>>>
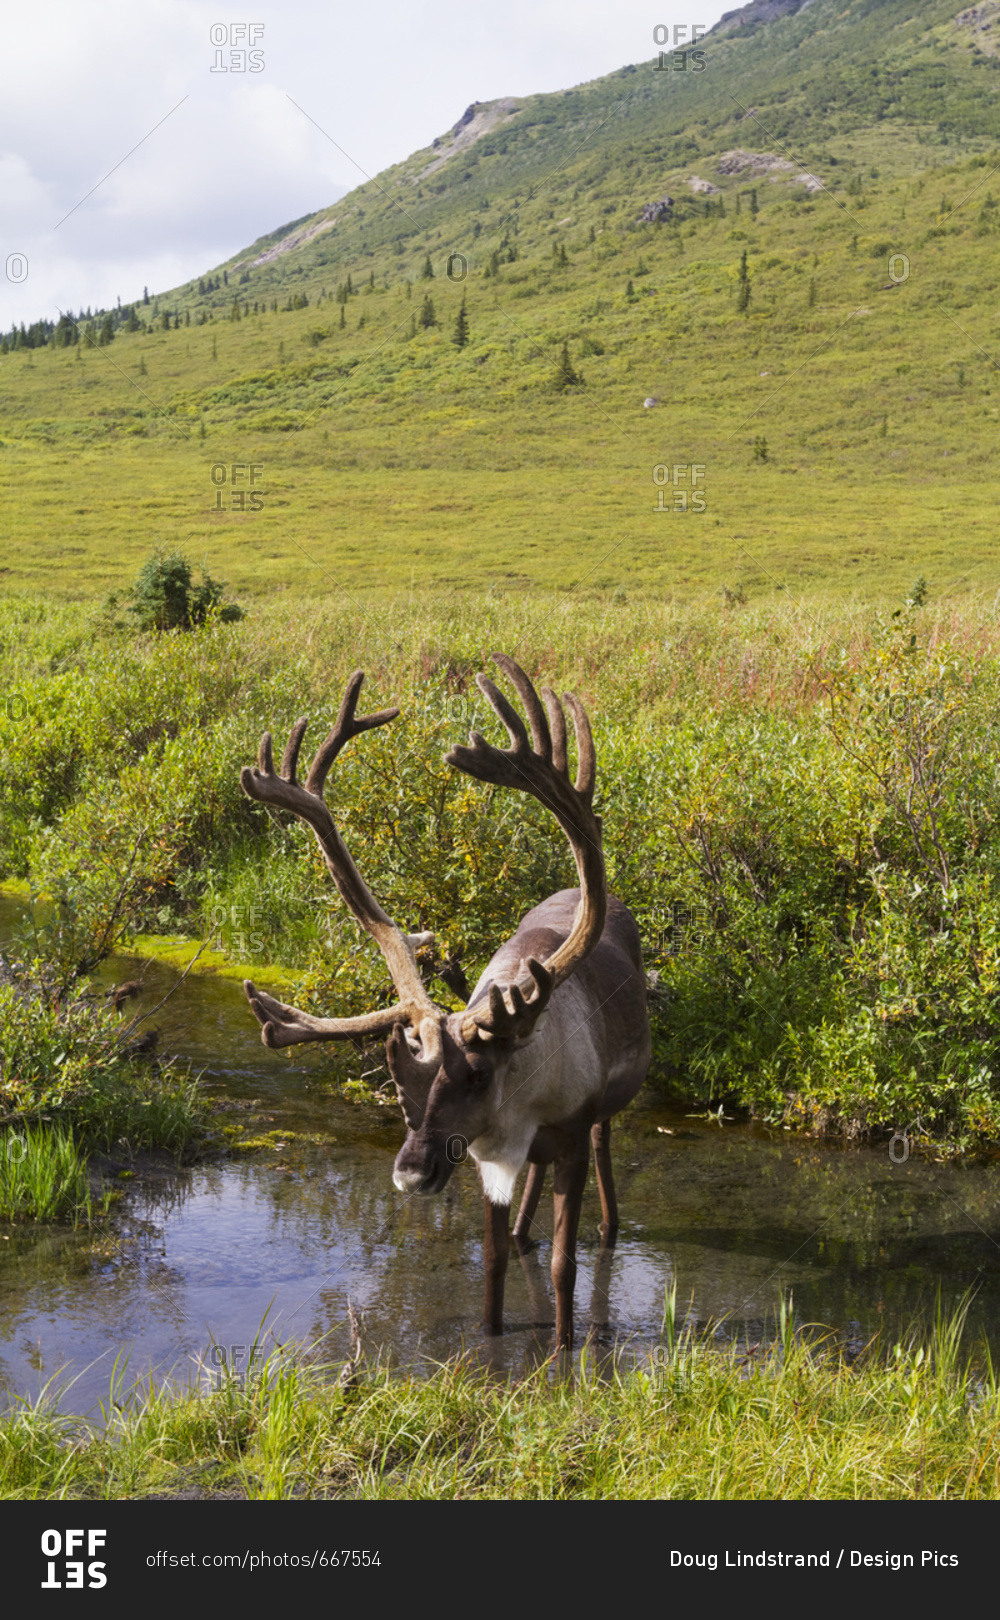 August 16, 2013: Bull Caribou Stands In A Pond Near The Savage River To Escape Insects, Denali National Park, Interior Alaska, USA
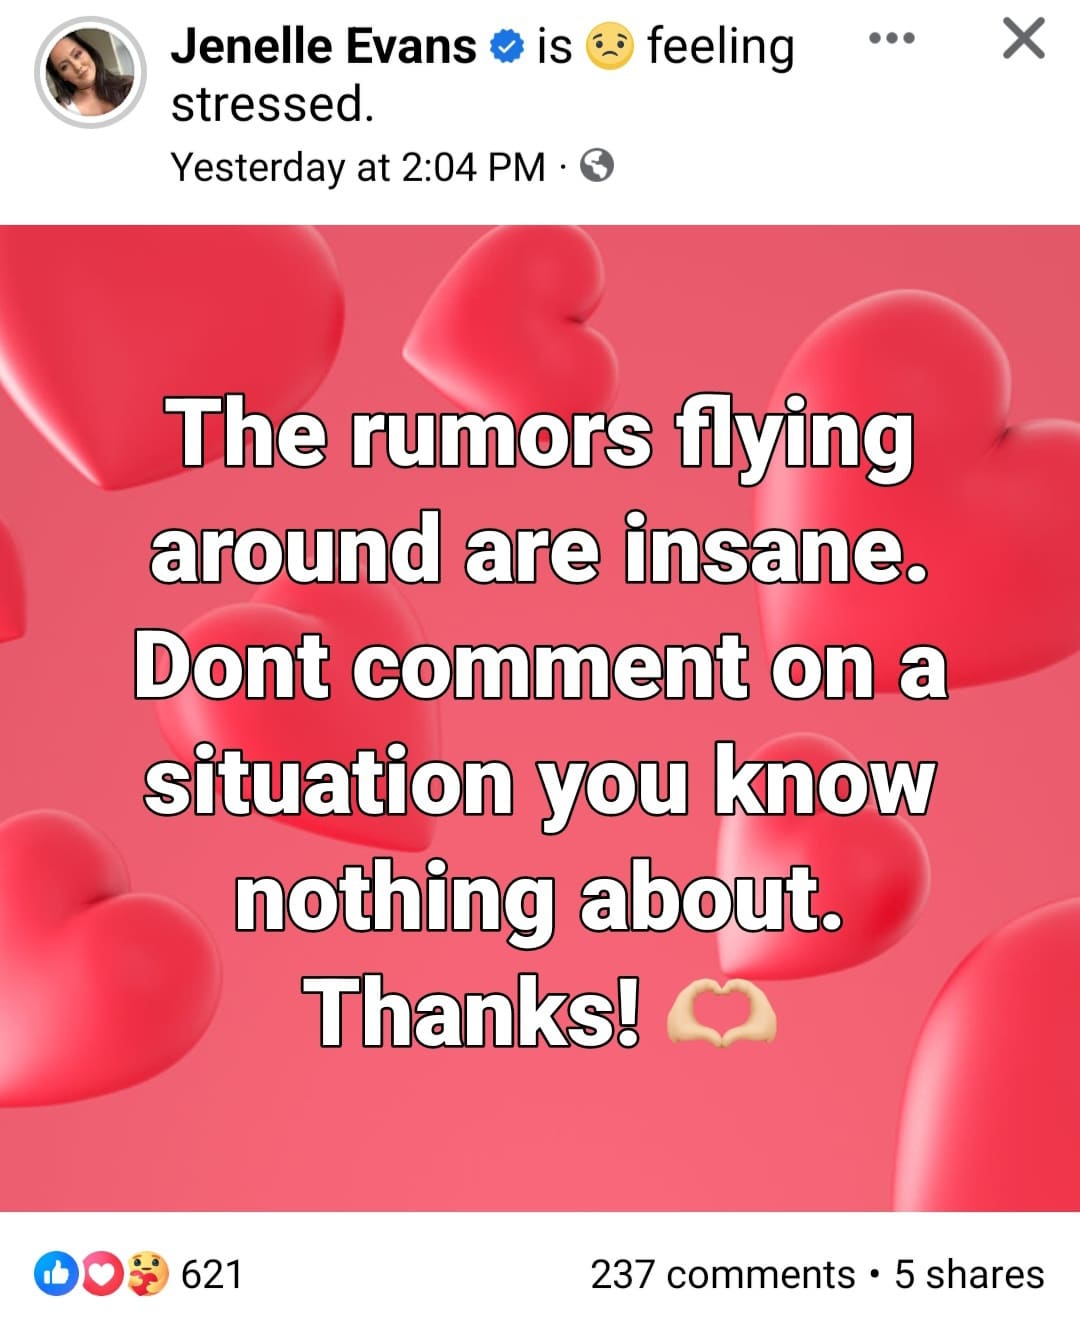 jenelle evans posted about rumors surrounding jace's disappearances on facebook
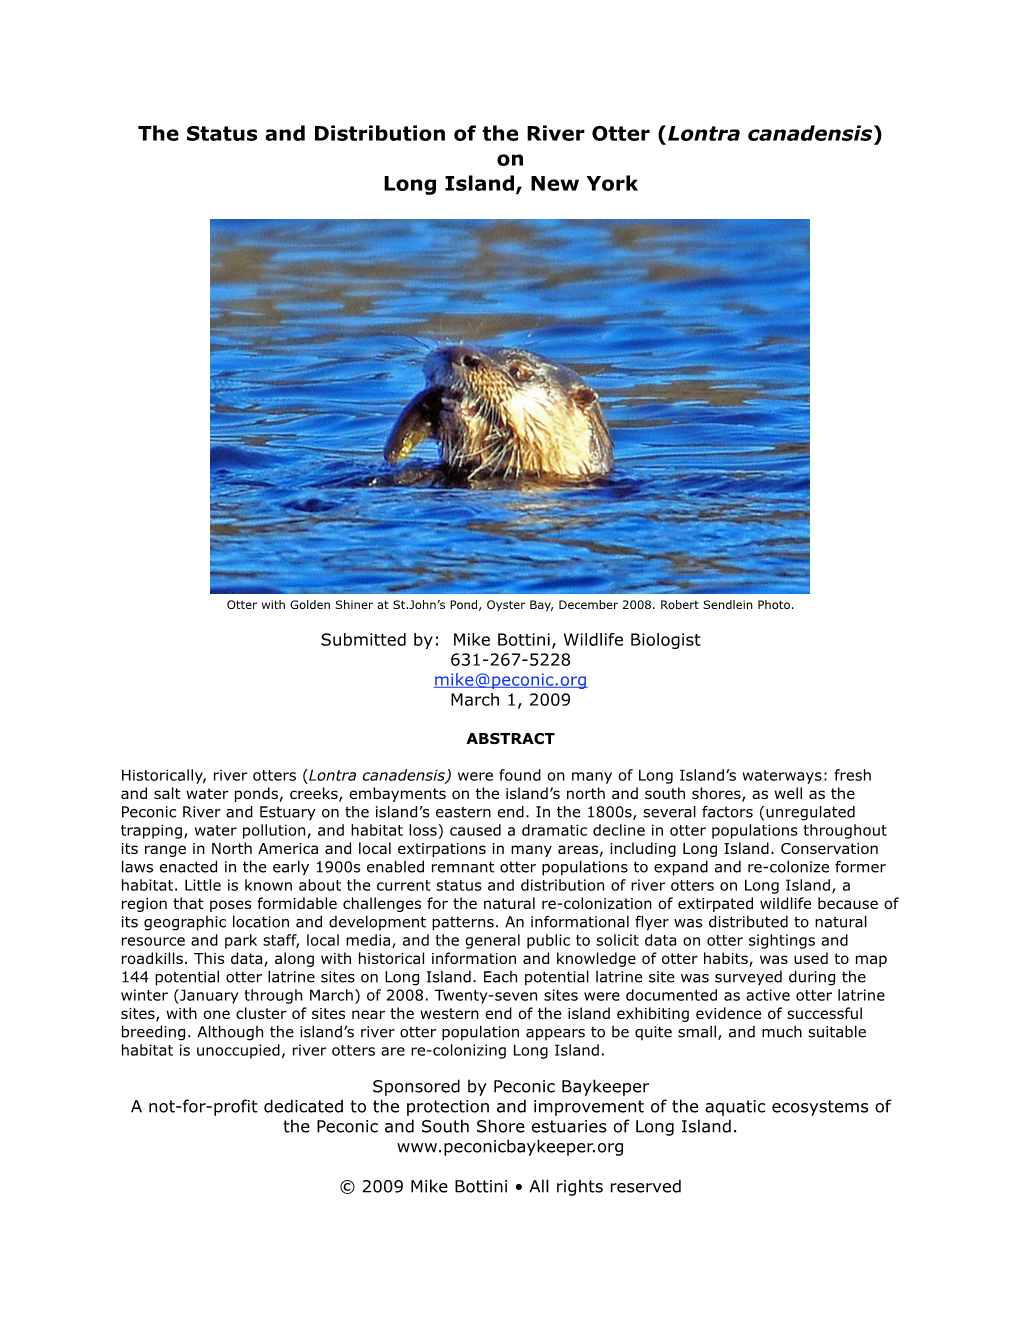 The Status and Distribution of the River Otter (Lontra Canadensis) on Long Island, New York
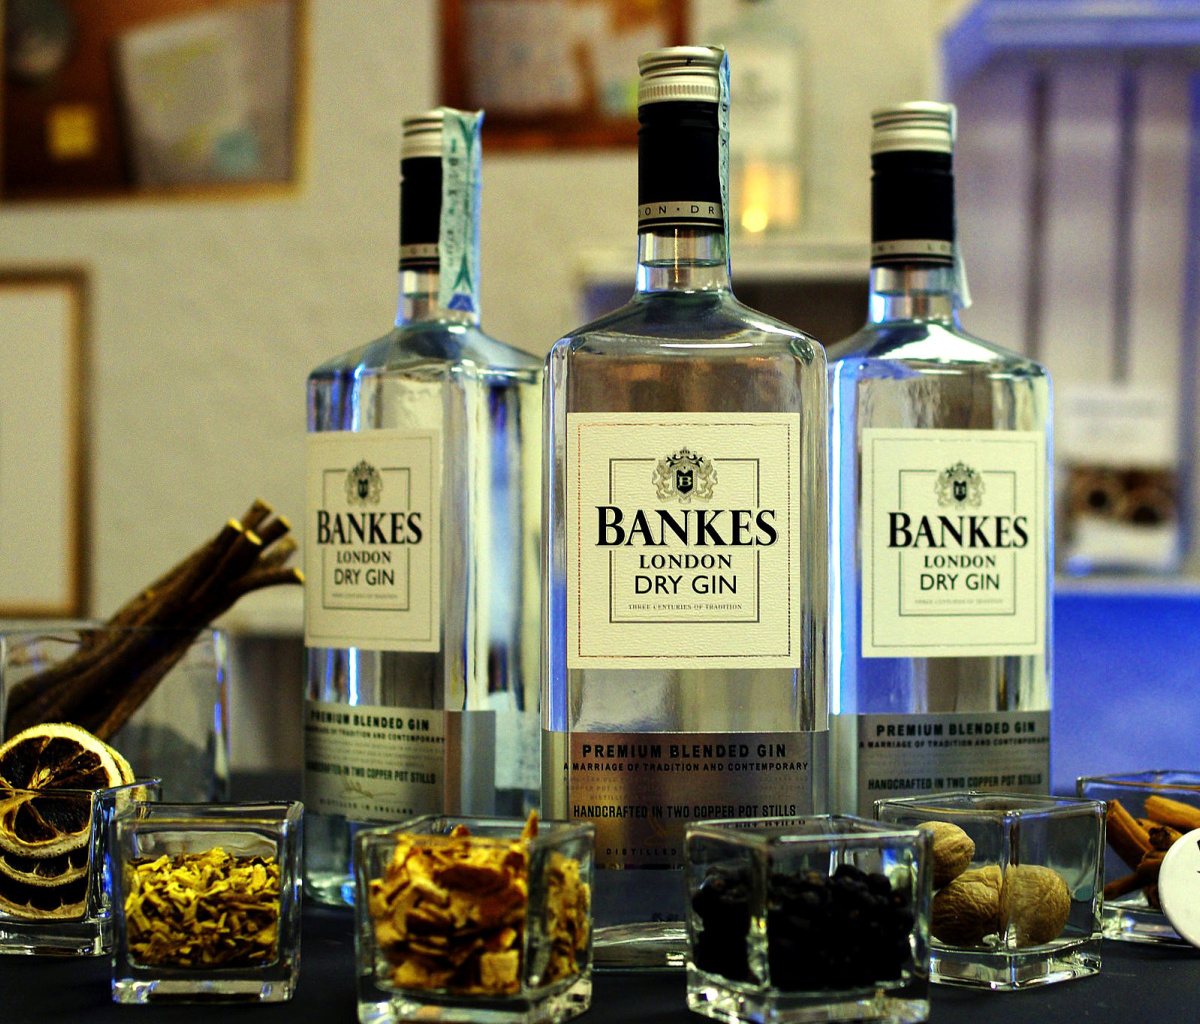 Dry Gin Bankers wallpaper 1200x1024
<<<
[WORK TO COMPLETE]: Restate the full listing word for word, excluding images.

[OUTPUT OF THE TASK]:
 August 16, 2013: Bull Caribou Stands In A Pond Near The Savage River To Escape Insects, Denali National Park, Interior Alaska, USA
 jenelle evans posted about rumors surrounding jace's disappearances on facebook
 The Status and Distribution of the River Otter (Lontra Canadensis) on Long Island, New York
 Dry Gin Bankers wallpaper 1200x1024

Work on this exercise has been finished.